The MoD stated that the two aircraft did cross into Cyprus airspace legally but their intent was unknown; although the planes were believed to be Russian-made Sukhoi Su-24s it has yet to be confirmed.
The Sukhio Su-24 is a heavily armoured fighter bomber which is capable of reaching Cyprus, from a Syrian base, some 200 miles, in less than 15 minutes.
The Syrian jets took off from Tiyas Air Force Base but the RAF considered the behaviour of the jets to be suspicious and therefore took the decision to investigate with two of its own jets.
It has also been confirmed that two Turkish F-16s were also scrambled in order to support and investigate the situation; both aircraft were scrambled from Turkey’s Incirlik Air Force Base.
The suspicious nature of the incident was due to both aircraft flying low and fast which could be interpreted as a threat.
“The MoD can confirm that Typhoon Air Defence Aircraft operated from RAF Akrotiri on Monday to investigate unidentified aircraft to the east of Cyprus; the aircraft were flying legally in international airspace and no intercept was required. MoD Spokesman
The Syrian aircraft were picked up after early-warning radar spotted them flying low and fast towards Cyprus and considering the British Air Force Base, Akrotiri, has over 1,300 personnel the RAF could not take any chances that the event could have been a surprise attack or that the Syrian’s were merely testing the defence systems.

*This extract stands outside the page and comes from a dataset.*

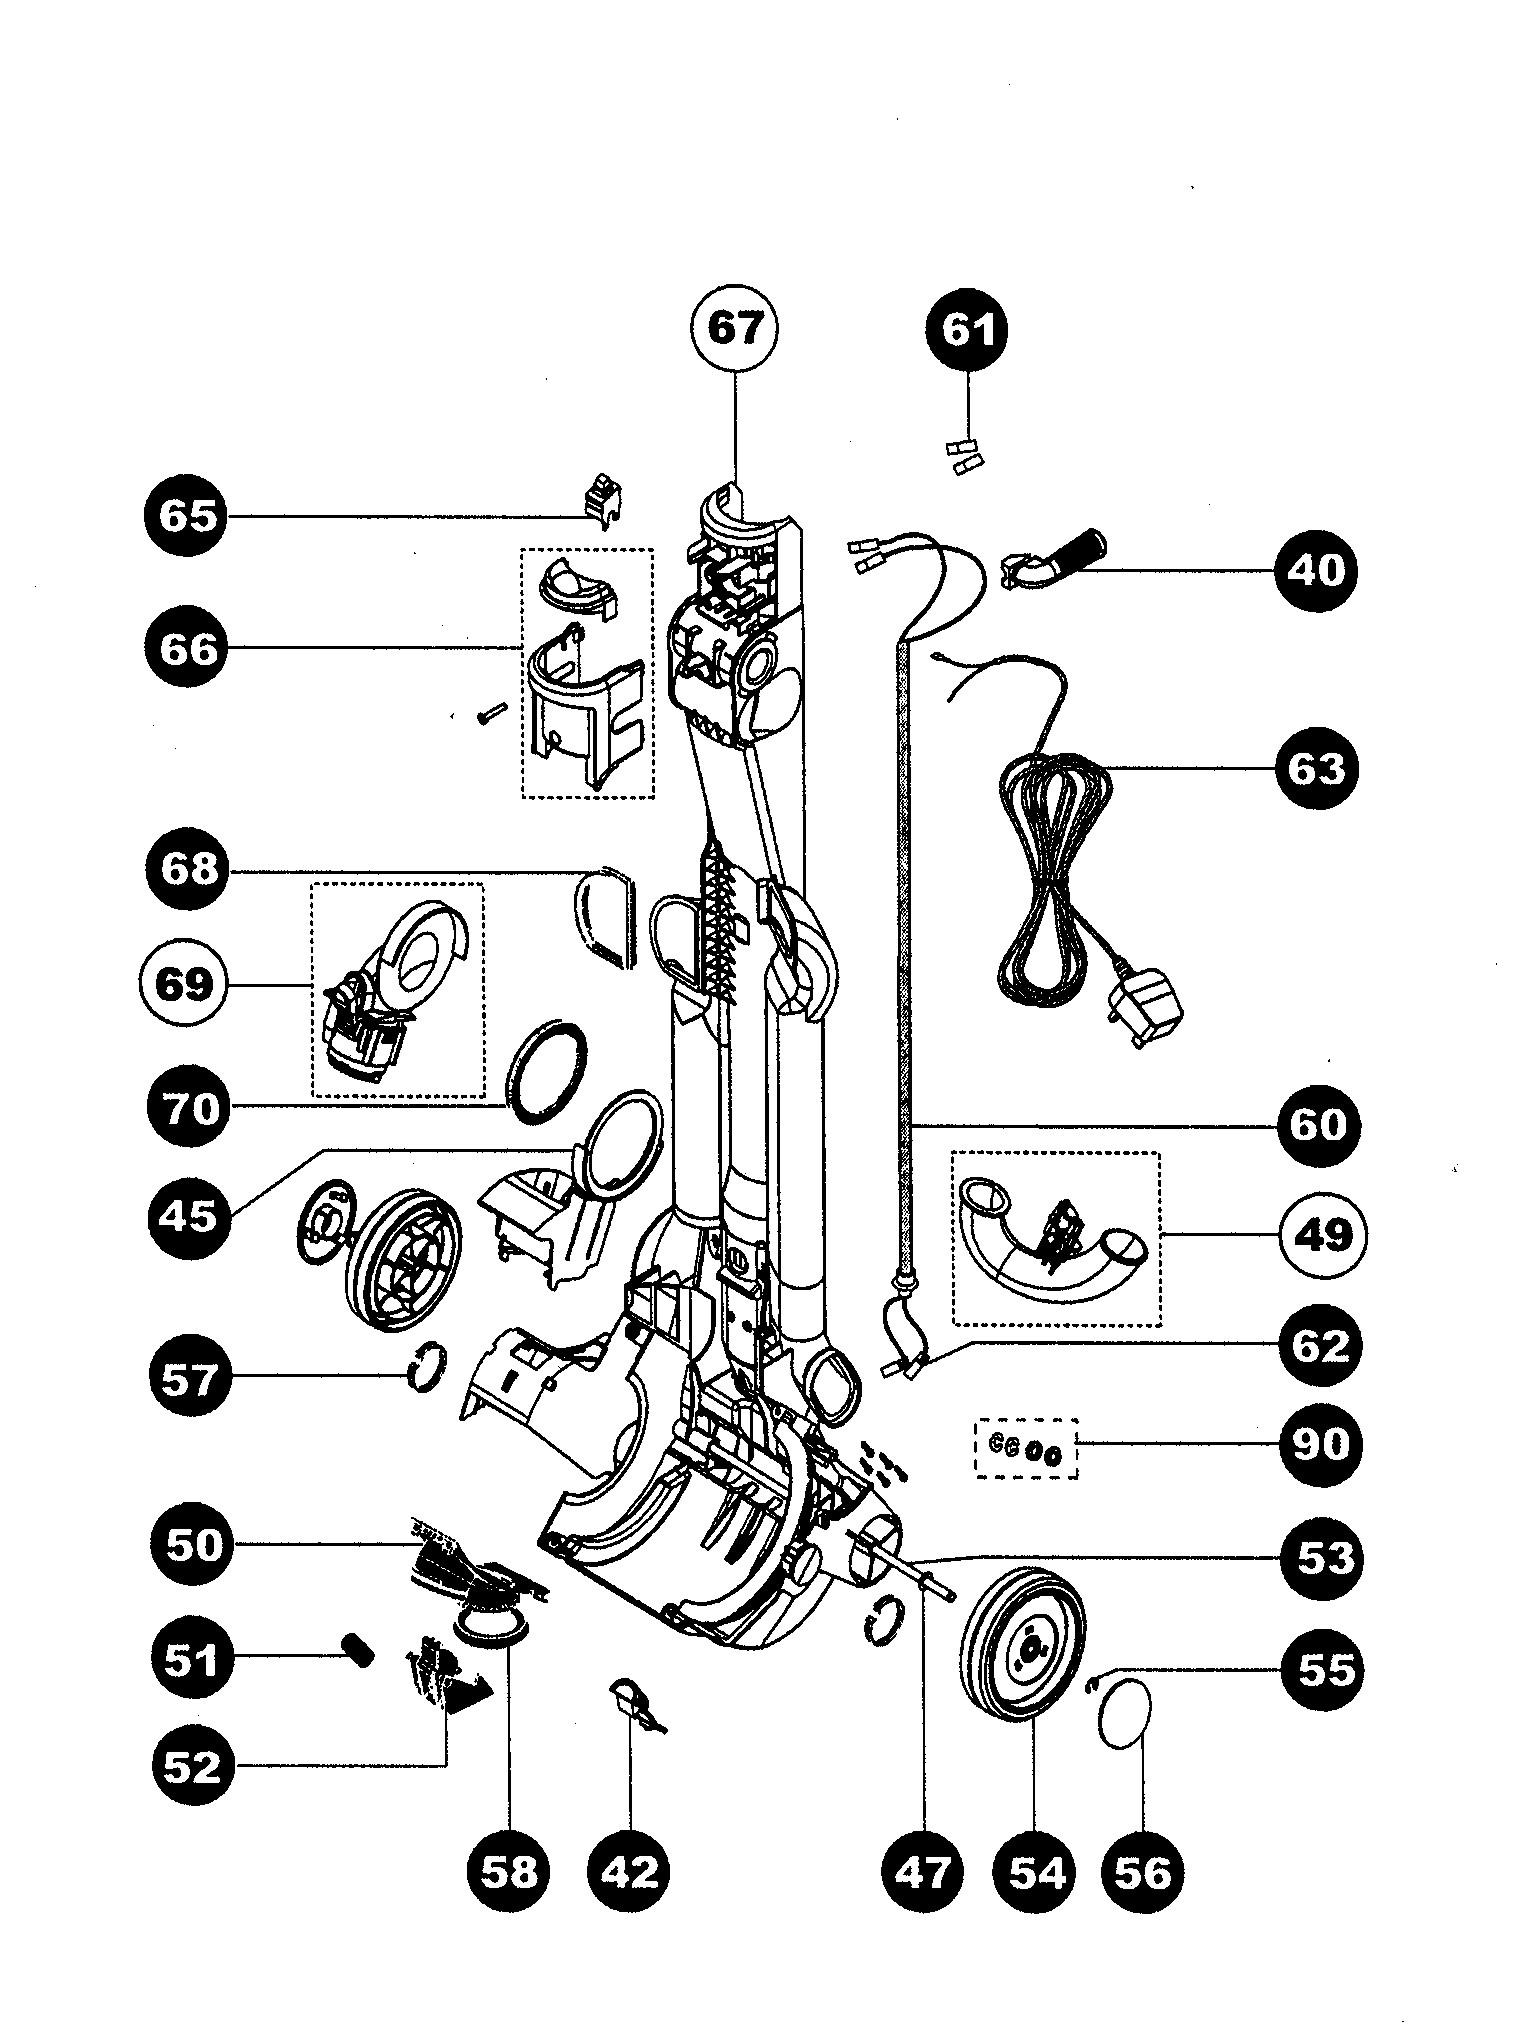 Dyson Animal Parts Diagram Dyson Dc07 Animal Replacement Parts Of Dyson Animal Parts Diagram

Whether this incident has anything to do with the current tensions between the U.S, Britain and Europe is unclear, however all stations in and around the Mediterranean are on high alert.
Last week the British Government announced that it did not expect a request from the U.S or its coalition partners to use RAF Akrotiri, if Syria is subjected to missile strikes in response to Bashar al-Assad’s perceived used of chemical weapons in Damascus on August 21.
Any strike by the U.S or its coalition forces would certainly put RAF Akrotiri in the firing line and as a precaution the MoD ordered six RAF Typhoon jets to be situated on the base for the foreseeable future, however the MoD was clear to point out that these measure as simply ‘prudent and precautionary’.